Near term airplane engines that are 20% more efficient and 70% efficiency gains in the 2020s

Pratt and Whitney and CFM International are making new more efficient airplane engines. Pratt and Whitney says its new engines—which use an internal gearbox to slow down the speed of the fan—could save 20 percent on fuel consumption compared to an airliner with a conventional engine. Competitor CFM International, meanwhile, has introduced its own advanced engine, called the Leap, which could achieve similar improvements without such a radical break from existing technology. Both new engines have been deployed on different versions of Airbus’s new jet, the A320neo.

Pratt and Whitney spent more than 20 years and $1 billion developing its new geared turbofan engines, which use larger fans (up to 81 inches in diameter on the A320neo) and a gearbox to make the fans rotate more slowly than the internal turbine that drives them, making them more efficient than traditional engines. Adding the gearbox, however, makes the engines heavier and increases aerodynamic drag. The PurePower PW1000G engine’s fan-drive gear system is just one component of this next-generation engine. The PurePower PW1000G engine also incorporates advances in aerodynamics, lightweight materials and other major technology improvements in the high-pressure spool, low-pressure turbine, combustor, controls, engine health monitoring and more.

The CFM International Leap engine uses lightweight composite materials, such as carbon fiber fan blades, to achieve energy efficiency gains that the company says are comparable to those of the Pratt and Whitney engine. The Leap represents “the ultimate refinement of the traditional turbofan engine,” says aviation analyst Richard Aboulafia, vice president for analysis at the Teal Group.

NASA is supporting R and D on a number of experimental aircraft, including the D8, a novel jumbo-jet design being developed by a partnership that includes Pratt and Whitney, MIT, and Aurora Flight Sciences.

The D8 configuration has the potential of achieving a 71% reduction in fuel burn, a 60 EPNdB reduction in noise, and an 87% reduction in LTO NOx – all relative to a best-in-class Boeing 737-800 narrow-body aircraft.

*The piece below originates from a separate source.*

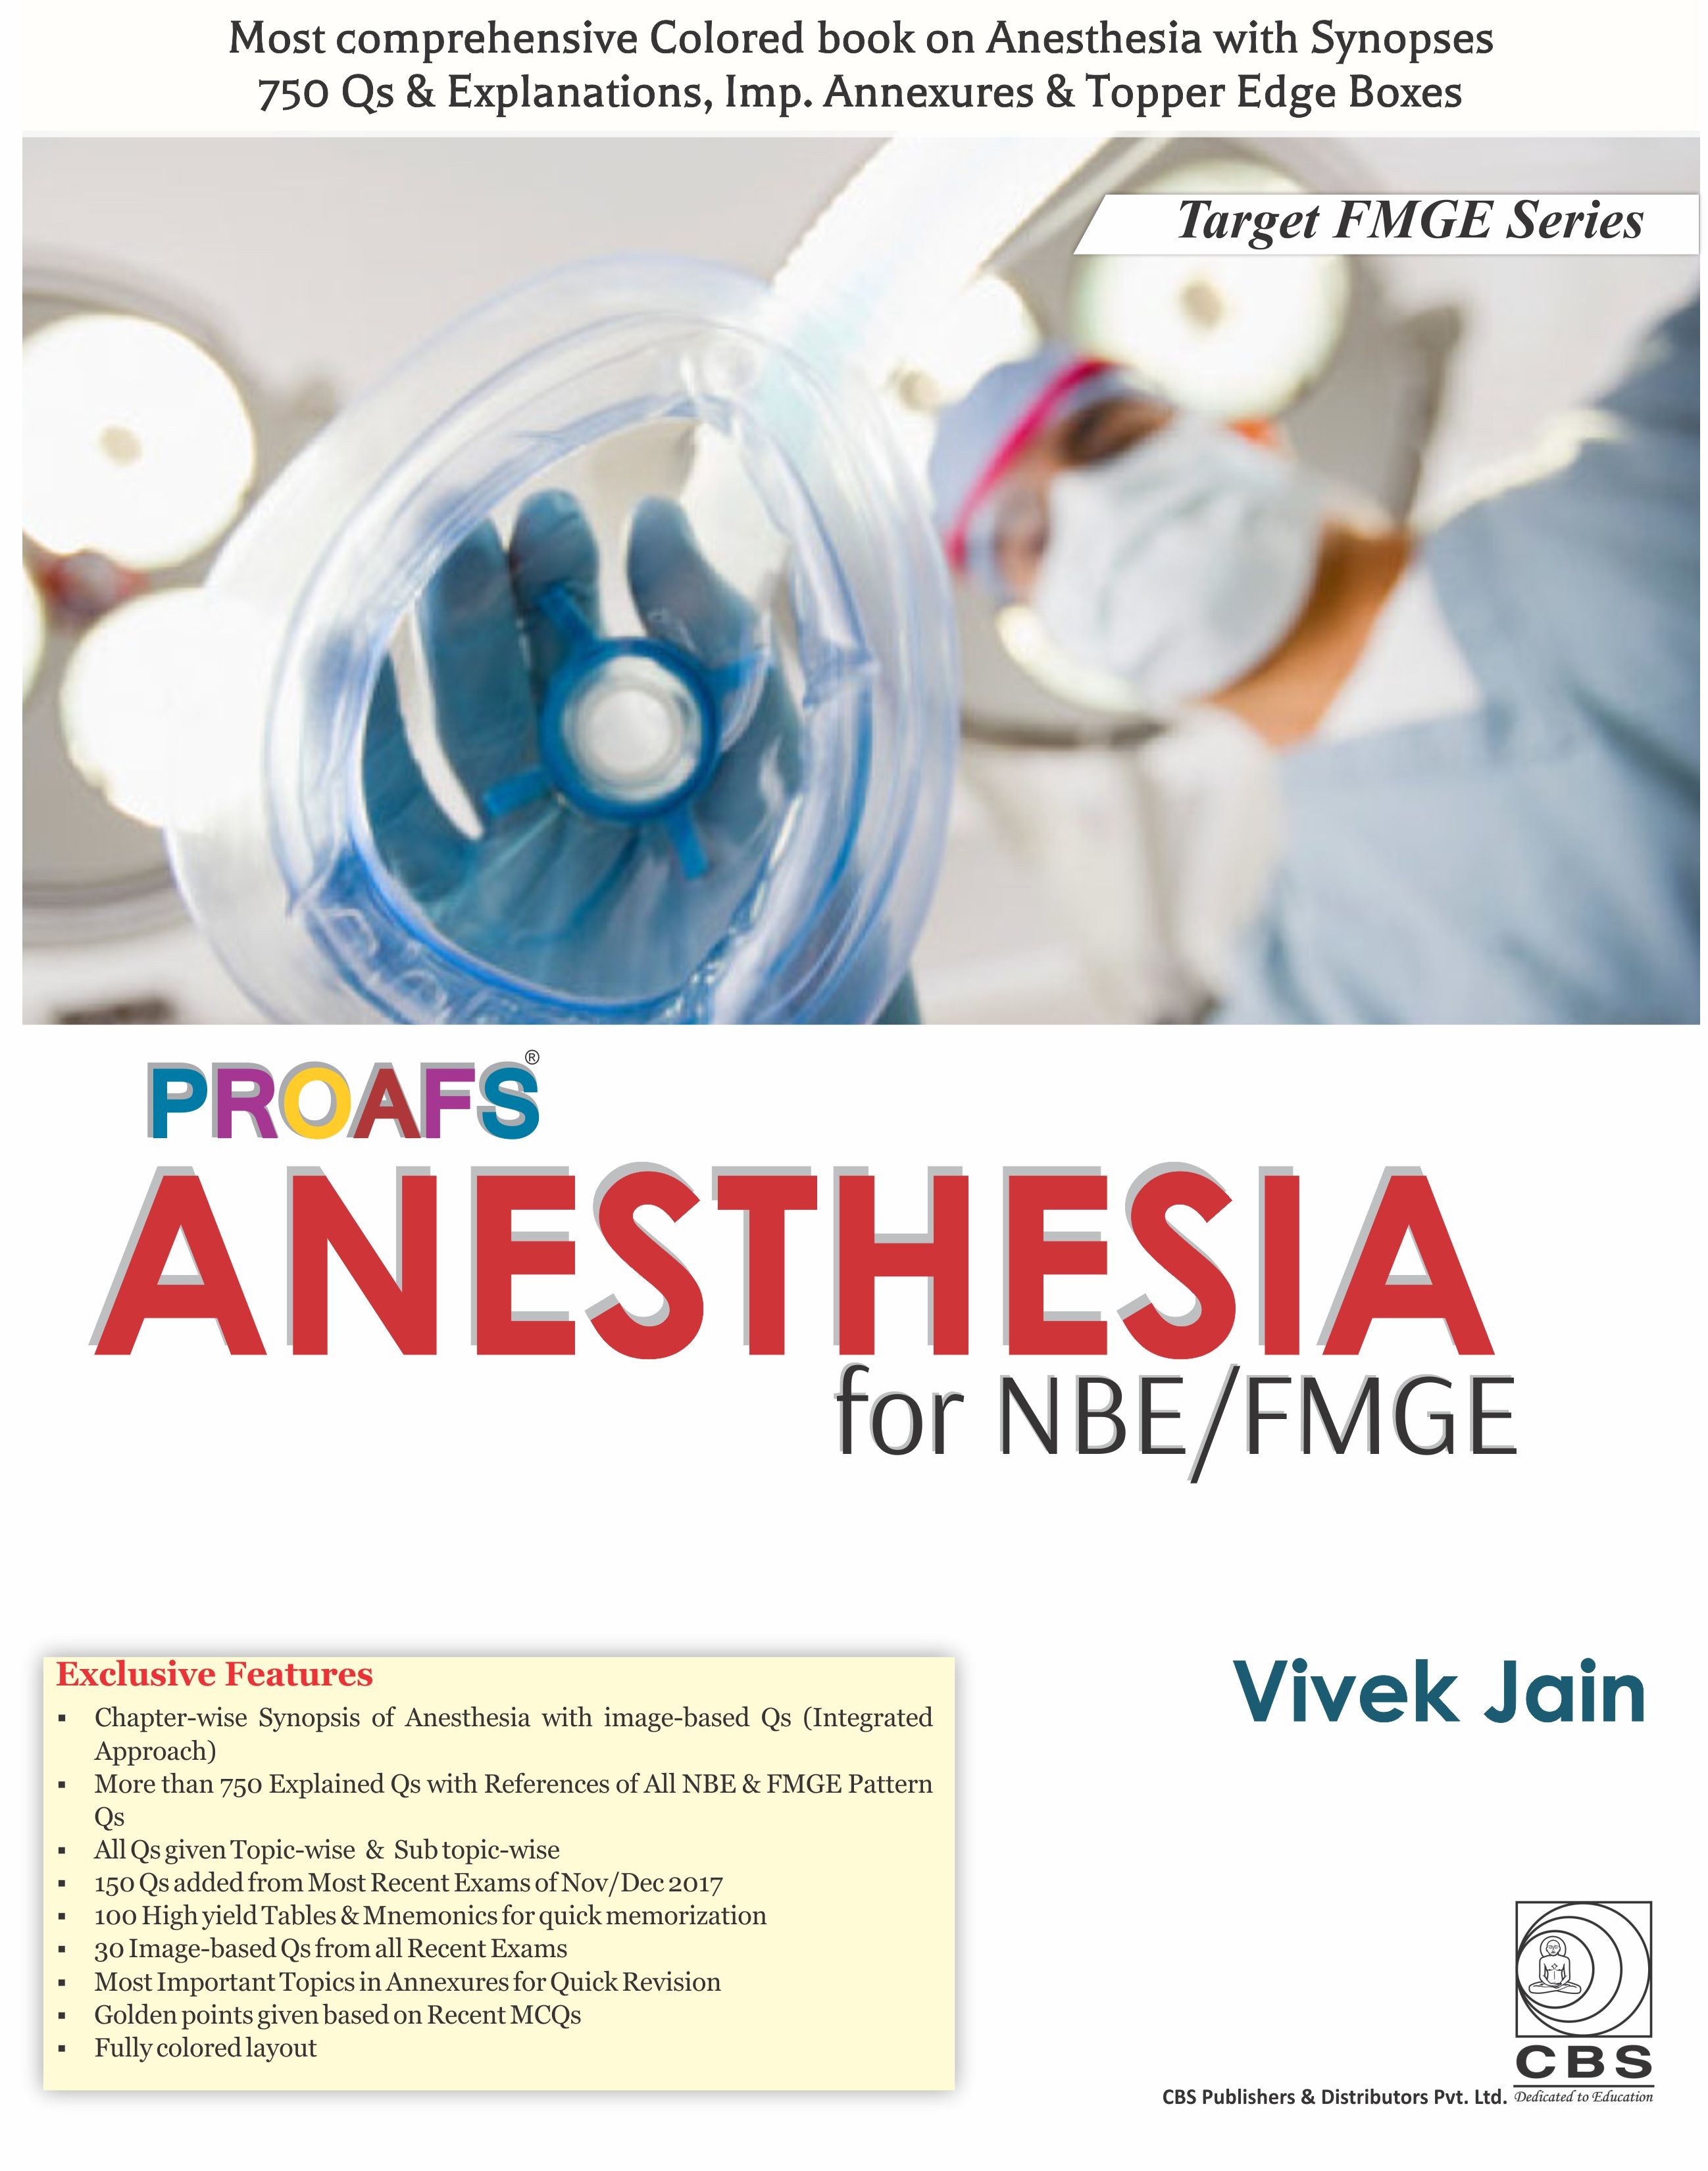 PROAFS ANESTHESIA FOR NBE FMGE (PB 2018)  (TARGET FMGE SERIES)

The efficiency gains of the D8 are the result of a tightly integrated design approach, considering the air vehicle as a single, integrated system rather than an assembly of individual parts. For example, increased lift generated by the wide “double-bubble” fuselage means smaller wings are needed to carry the vehicle’s weight, resulting in less fuel to fly a given mission. When the engines are integrated into the back of the fuselage, thrust requirements are further reduced due to efficiencies from Boundary Layer Ingestion (BLI). This means that smaller engines can be used, which reduces weight, and hence fuel even further. This cycle of repeated optimization is what gives the D8 such groundbreaking efficiency, but it requires that all facets of the aircraft be designed together.